EXERCISE DATA:
.....

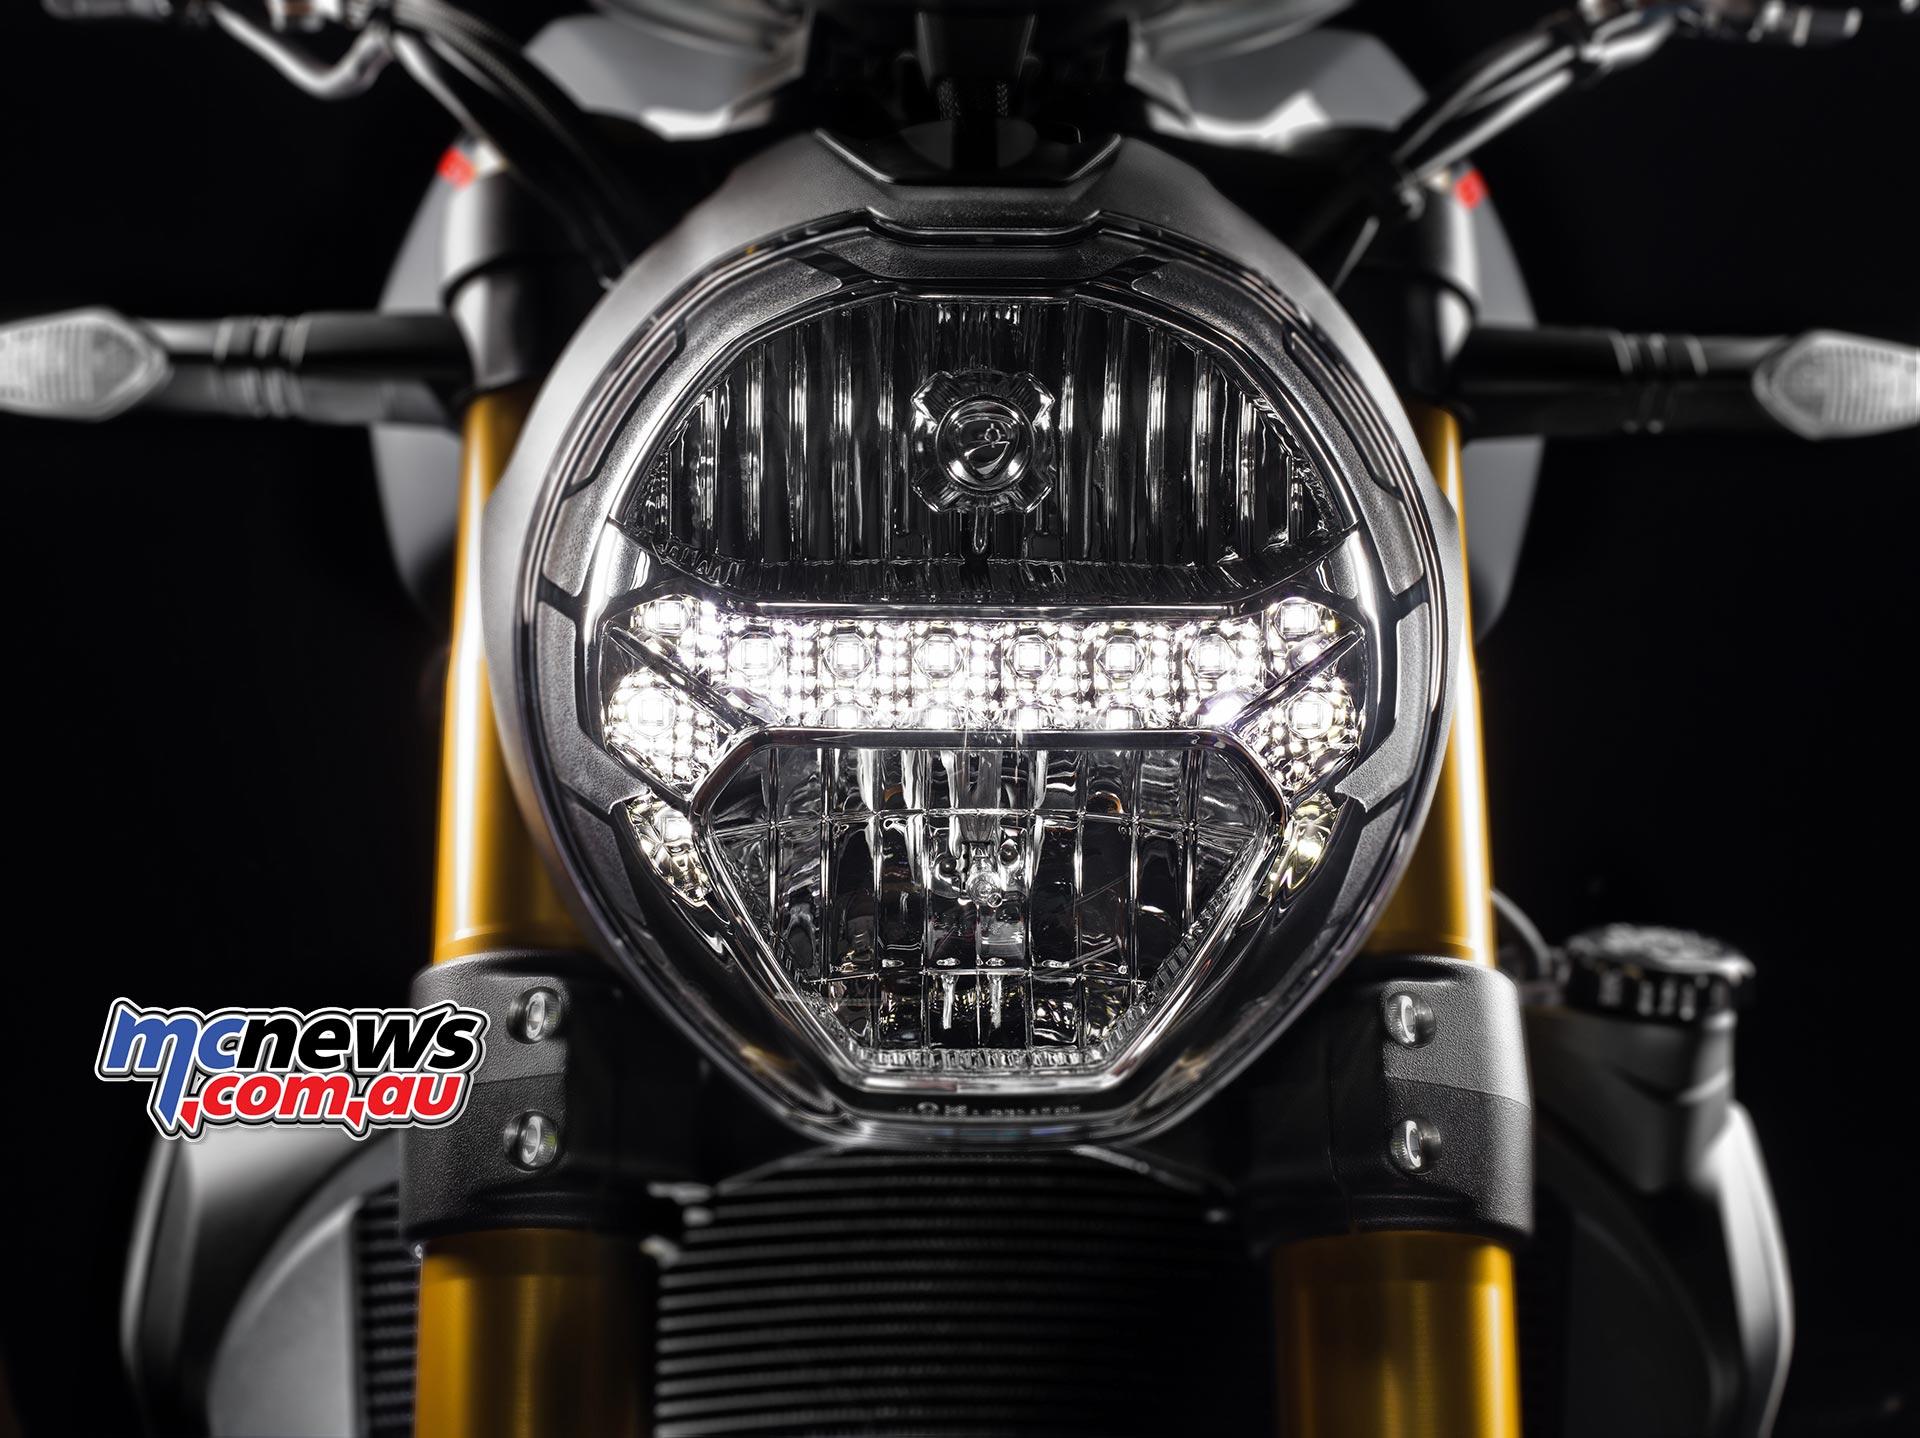 2017 Ducati Monster 1200 S Updated Led Tail Light Wiring On Diagram Horseshoe Side Lights
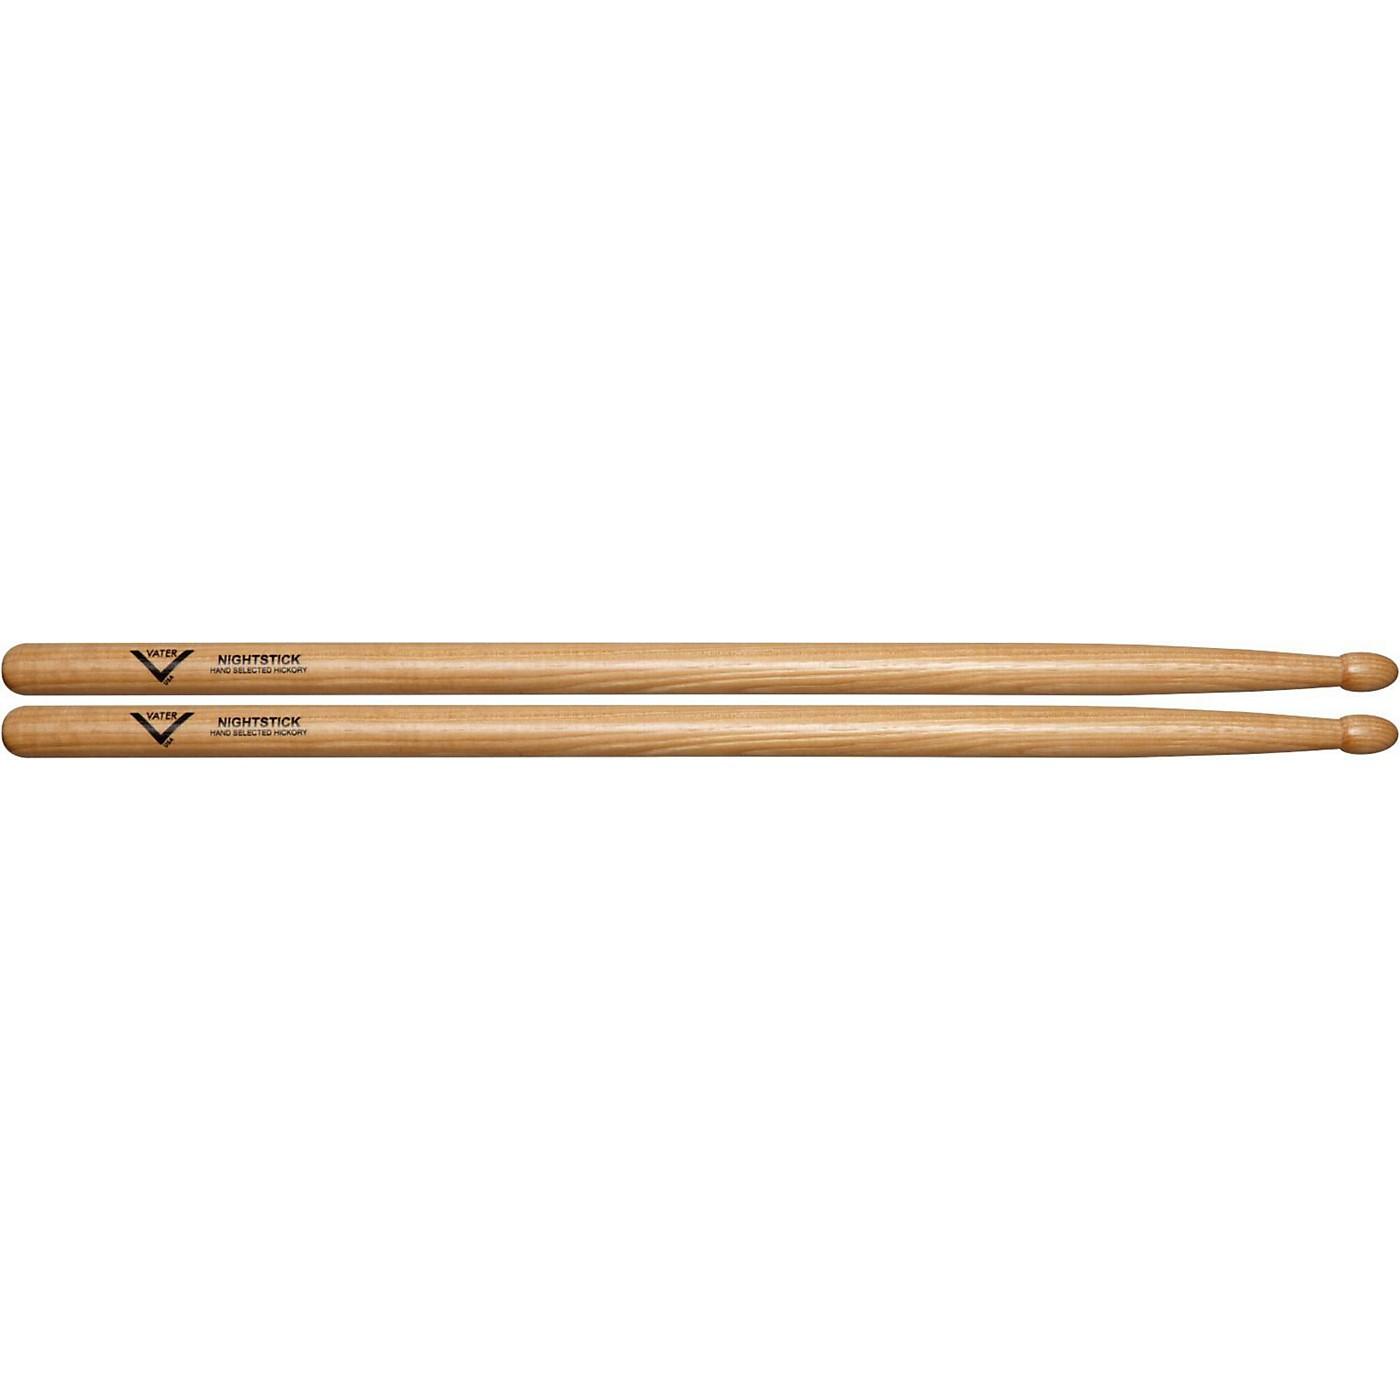 Vater American Hickory Nightstick 2S Drum Sticks thumbnail
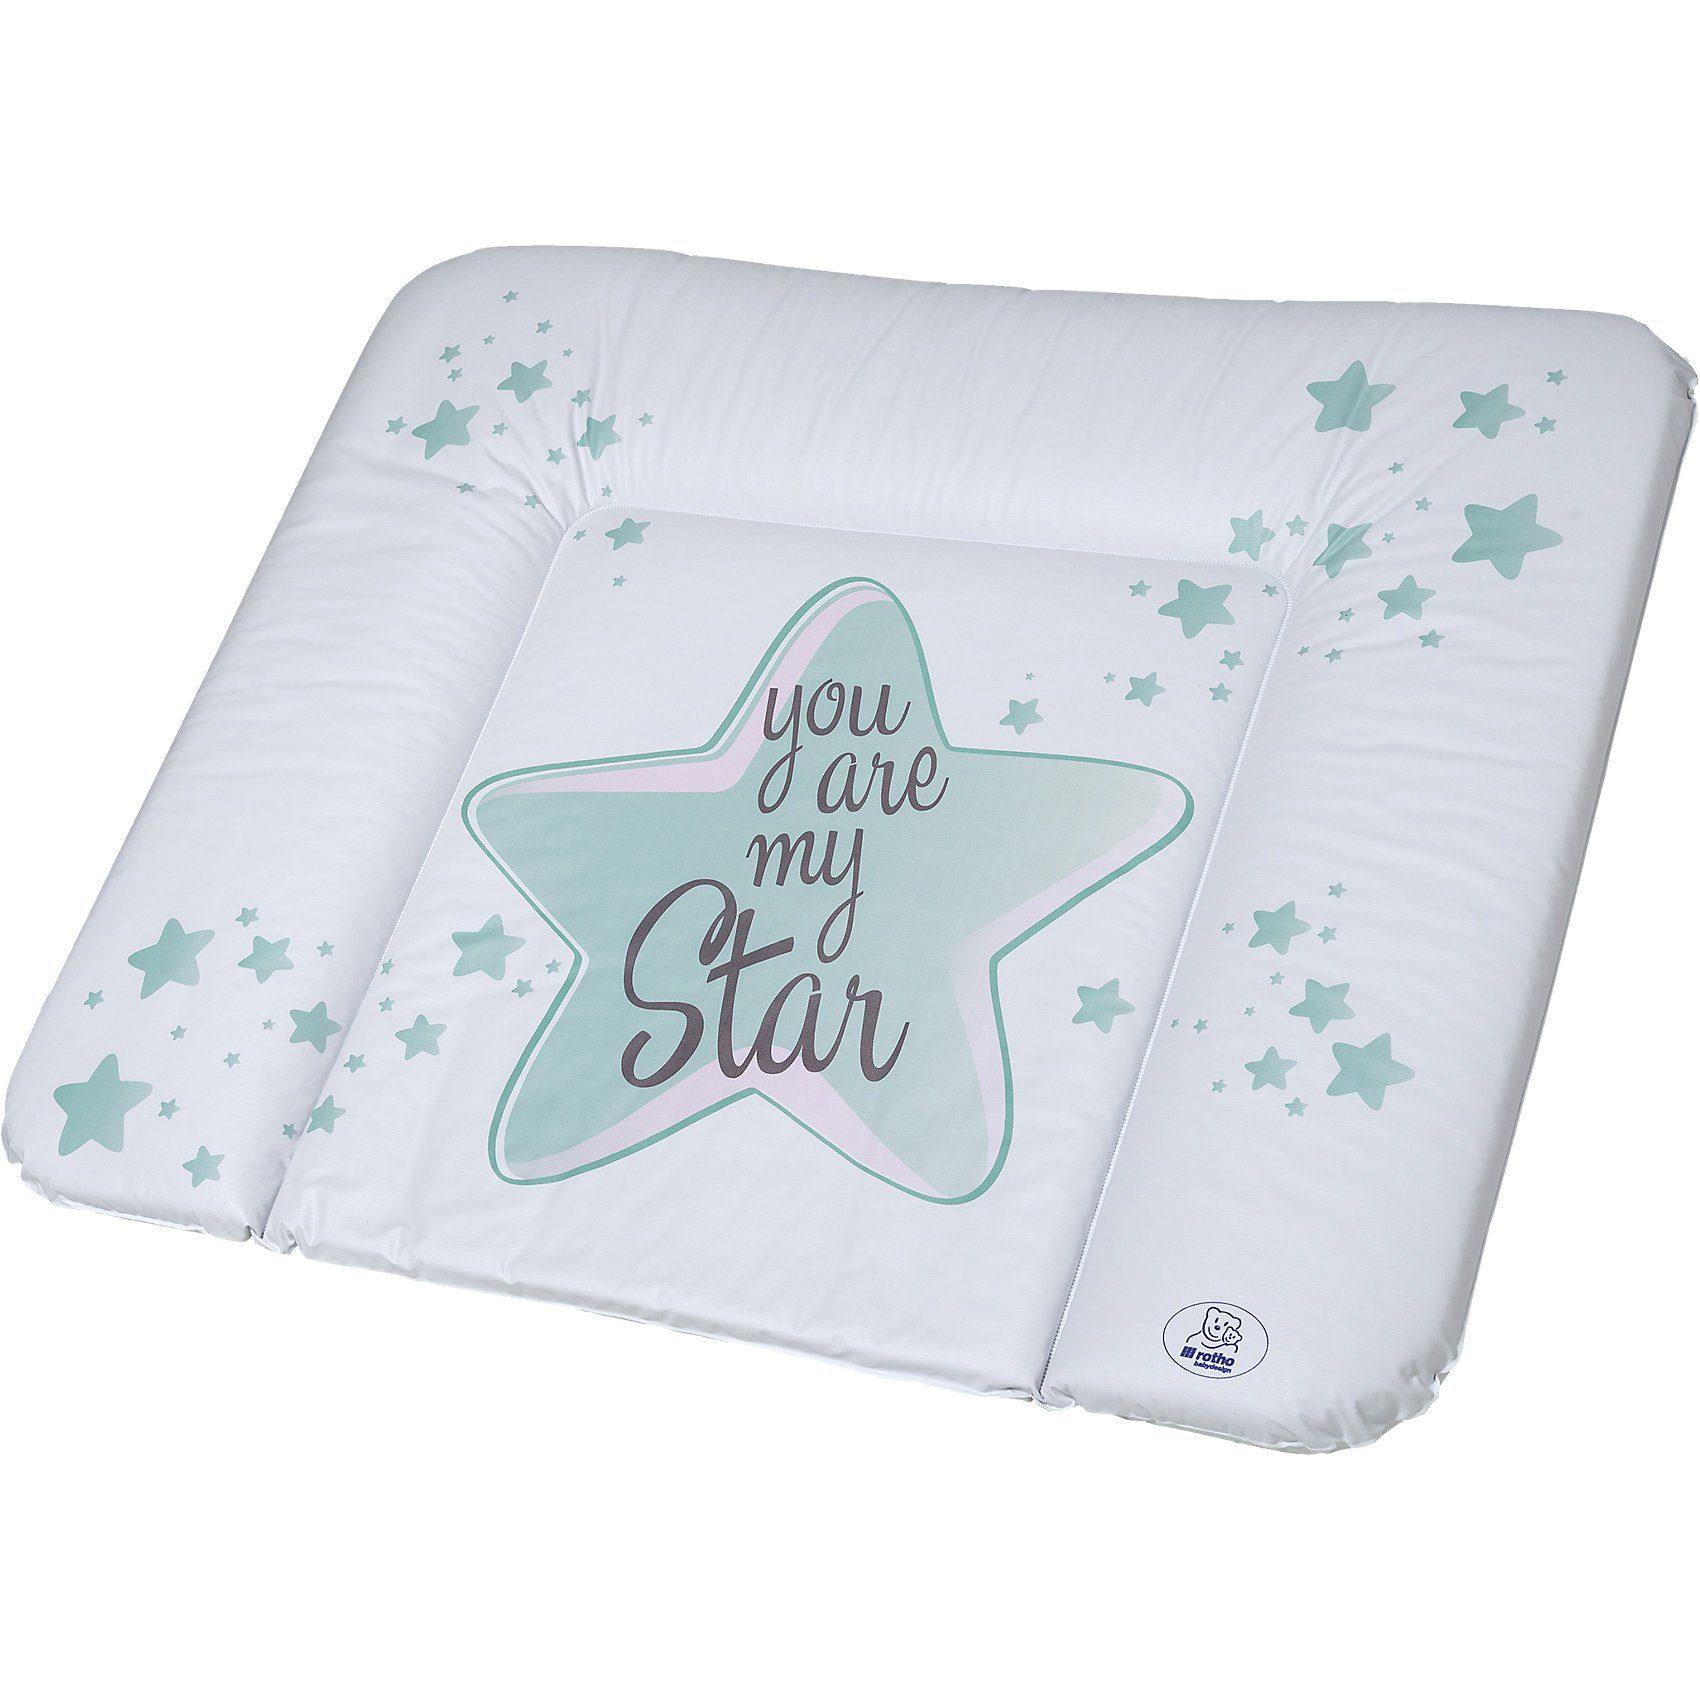 Rotho Babydesign Wickelauflage, You are my Star, swedish green, 85 x 72 cm

.....

HOW TO COMPLETE THIS TASK: Print only the lines running from the line that contains "Vater American Hickory" to the final line of the listing, both included. Omit every picture.

RESPONSE BOX:
 Vater American Hickory Nightstick 2S Drum Sticks thumbnail
 Rotho Babydesign Wickelauflage, You are my Star, swedish green, 85 x 72 cm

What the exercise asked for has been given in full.